It is estimated pricing is conservative due to the high risk, and the Government worries failure of the bid.
Hong Kong Wen Wei Po (By Ngan Lun-lok)
The tendering for commercial site on top of West Kowloon Station was closed yesterday, and the Lands Department announced that it had received three tenders. As the largest single-tendered real estate project in history, it can build more than 3 million sq ft and its location is superior. However, the market is pessimistic about the results of the tender due to the recent social turmoil and the Sino-US trade war white-hot, In addition, the project investment is extremely large, and the market valuation of the land is as high as HKD79.1 billion, so it is risky of failure of bid if the government is unwilling to lower the reserve price since developers bids are conservative.
The Lands Department announced yesterday that this huge commercial land site on top of West Kowloon Station had received a total of three tenders, including Cheung Kong, SHKP, and so on, and SHKP among affirmative disclosed to bid in a sole proprietorship. As for Henderson, it bid in a joint venture with Chinese Estates Holdings Limited, LIFESTYLE INT'L, Sino, and The Wharf Limited, the combination of which is rarely seen in the land sales, so it is believed that they join and share risk to compete with local leading real estates due to the high project investment.
The payback period is about 30 years.
The executive director and director of the valuation and consulting department of the Knight Frank, Lam Ho-man expressed, the number of people entering the project was similar to the expectation, with mainly of strong developers. In fact, many surveyors, including Knight Frank, have previously lowered their land valuations by 10% to 21% in response to market conditions. The current market valuation of the land is between HKD31.646 billion and HKD79.1 billion, with the sq ft floor area land price is about HKD10,000-25,000 yuan.
Lam Ho-man believes that the project has a large development scale and a long payback period, so it is estimated that the winning bidder will aim at long-term investment and rent collection, and it is predicted developers’ bids will be more conservative, with the estimated long-term rental return rate in about 3-3.5% and the fund recovery period in about 20-30 years. He is also worried that the land will face the risk of failure of the bid if the government is not willing to sell the land at a cheap price or lower the reserve price.
This year's commercial land sale business is full of twists and turns.
It is worth noting that commercial land sales this year can be described as twists and turns. After the failure of bid for No.5 commercial and hotel land site in Kai Tak District 4C, the sale of the No.4 land site in Kai Tak District 4C which had been won by Goldin for over HKD11.124 billion in May was closed after the amendment crisis in June under the reason that the recent social conflicts and economic instability may affect the market, which is a rare situation in the history of land sales. In August, the Government re-launched the site but ended up with a failure of the bid. It was extremely unusual to have two times of failure of bid for commercial land sites in a year.
During four times that Government putting on sale commercial lands in this year, only one commercial/hotel land site near Kai Tak Sports Park in Shing Kai Road, Kai Tak was sold, and it was sold to The Far East for about HKD2.446 billion in August with each floor area land price at about HKD7,100, which was 11.25% lower than the lower limit expected by the market at the time.
There may be a huge gap between the bids with government pricing.

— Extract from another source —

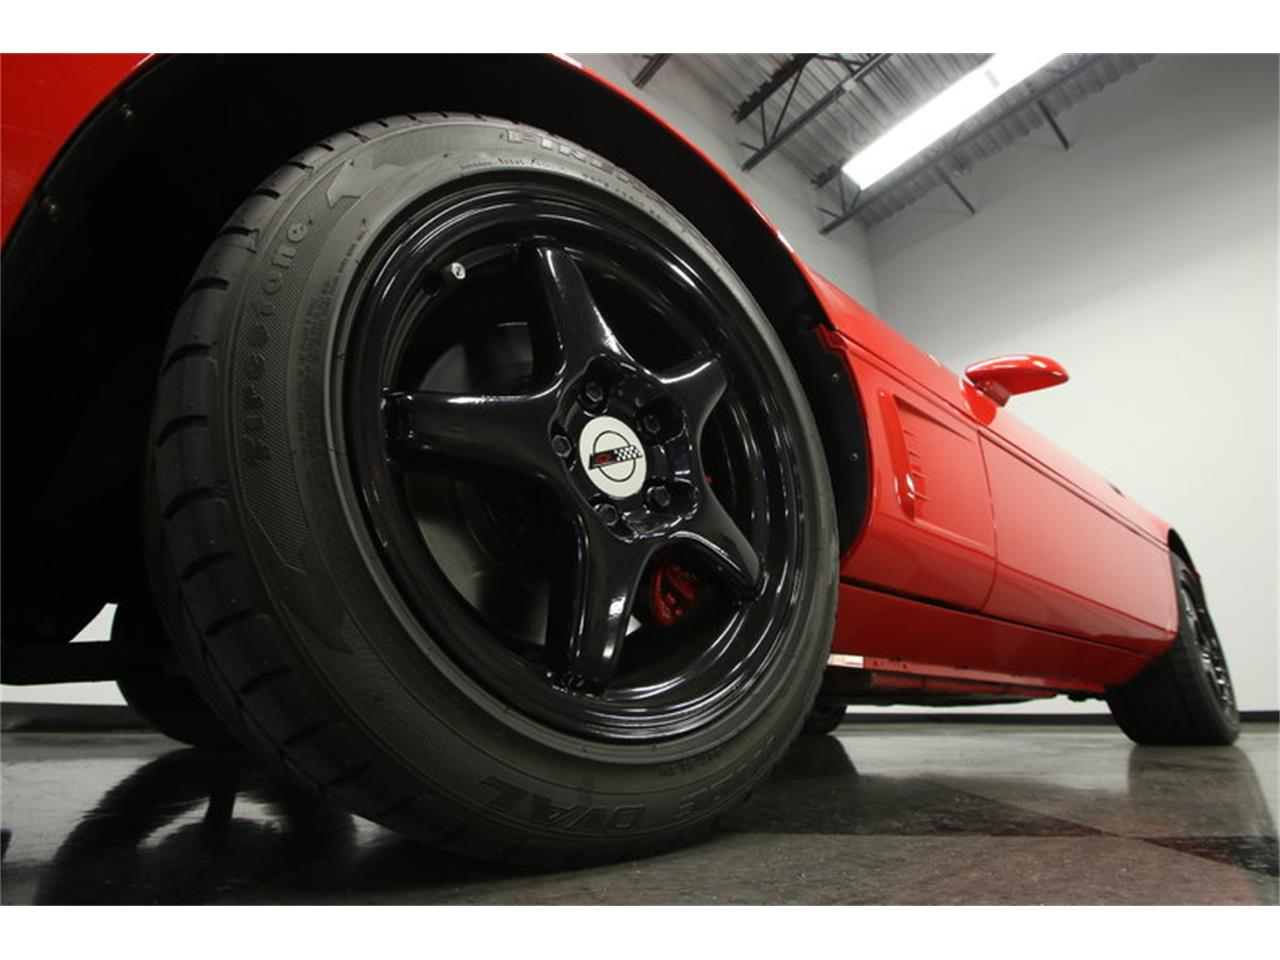 Large Picture of '95 Chevrolet Corvette located in Lutz Florida - $15,995.00 - IURO
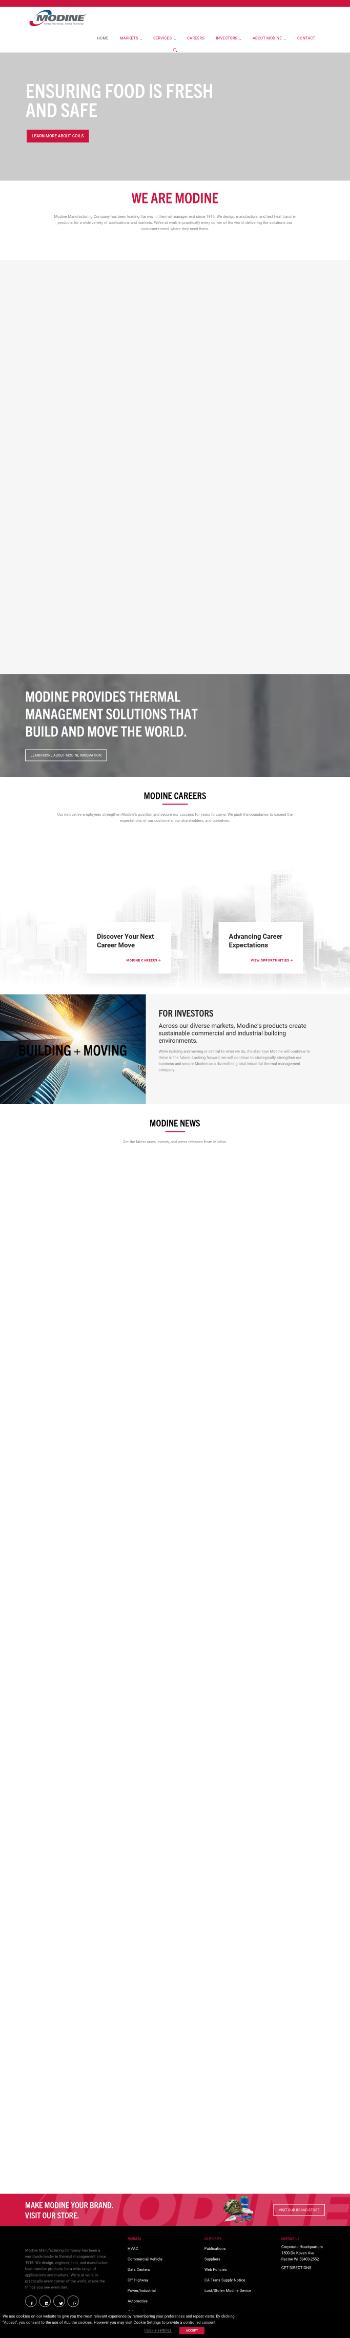 Modine Manufacturing Company Website Screenshot

The Managing Director of Wang Leung Consulting and Evaluation, Cheong Kiu-chor evaluates the commercial land on top of West Kowloon Station this time for only HKD31.646 billion, which is the lower limit of market valuation. He points out that many investors believe that the investment climate in Hong Kong is worse than expected, plus recent social events have dealt a heavy blow to the commercial property market, affecting retail, hotels and office buildings, and the recent vacancy rate even in the Hong Kong Central District where has always been strong has risen.
He believes that when Hong Kong's economy is hit hard, developers will certainly be more conservative about the market outlook, plus the sum of money raised for the project will be huge, with the land price and development cost as high as to more than HKD60 billion, thus the development risks are quite high, leading developers’ bids to low. He is worried that if the developers’ bids may have a huge gap between Government’s reserve price if they refer to the commercial land prices in Kai Tak area, East Kowloon, then the possibility of failure of the bid will be higher.
The information shows that the project is located at the junction of Lin Cheung Road and Austin Road West, Kowloon, covering an area of about 643,101 sq ft, and the maximum buildable floor area is 3,164,590 sq ft, also it will be developed into a large platform shopping mall and three Class A office buildings. In the future, it can apply to the Town Planning Board for a change plan to develop it into such as commercial buildings or hotels.